Note that here the update condition for r is r = mid; without decrementing mid by one. Once we use such update conditions, the terminating condition of while loop can not be while(l<=r) since this would lead to infinite loop when mid==l==r and arr[mid]>num. Instead, we use the condition while(l<r). Another thing to note is that r is initialized to arr.length instead of arr.length-1. If for example, we set r=arr.length-1, which would lead to the issue: mid will never point to arr.length-1, since this requires l point to arr.length-1, which would exit from while loop. In other word, we never check the last element of arr. The range of l is [0, arr.length-1]. If num=6, then we would get the index of 3 instead of 4. In order to check all elements in arr, we initialize r to arr.length. In this case, the range of l is [0, arr.length]. When exiting from while loop, we have l==r, so either return l; or return r; works.

In fact, to find the index of minimum number that is larger than num, we can still use the original terminating condition of while loop: while(l<=r). We could modify the code as below:

Code 4

int l = 0, r = arr.length-1;
int result = arr.length;
while(l<=r) {
    int mid = l + (r-l)/2;
    if(arr[mid]>num) {
        result = mid;
        r = mid-1;
    }else l = mid+1;
}
return result;

Note that in the previous code 3, the update condition for r is r = mid; instead of r = mid-1; since mid itself could be the answer. In order to use the update condition r = mid-1; (that is, discarding mid), we use an additional variable result to log these possible candidates. And everything else is the same as Code 2.
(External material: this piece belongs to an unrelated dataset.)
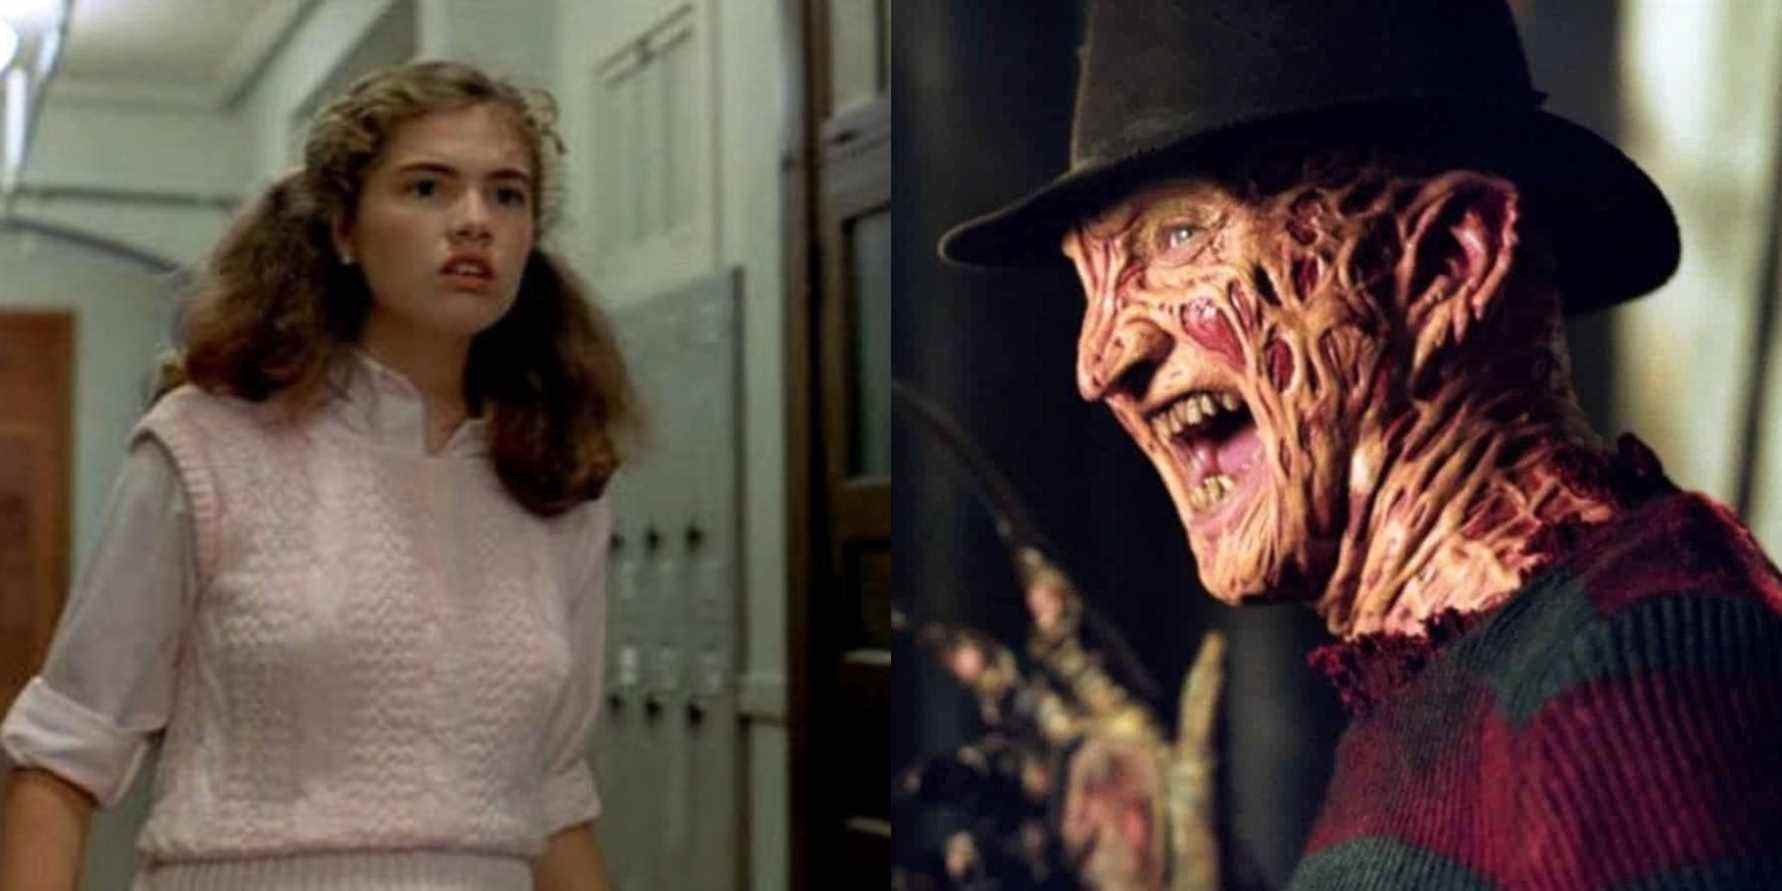 Image partagée de Nancy Thompson et Freddy Krueger dans A Nightmare On Elm Street

Similarly, to find the index of largest number (right-most number when duplicate numbers) that is smaller or equal to num:

Code 5

int l = 0, r = arr.length-1;
int result = -1;
while(l<=r) {
    int mid = l + (r-l)/2;
    if(arr[mid]<=num) {
        result = mid;
        l=mid+1;
    }else r=mid-1;
}
return result;

Finally, note that the update condition for l can never be l = mid; whatever in case of while(l<r) or while(l<=r), as this will lead to infinite loop again.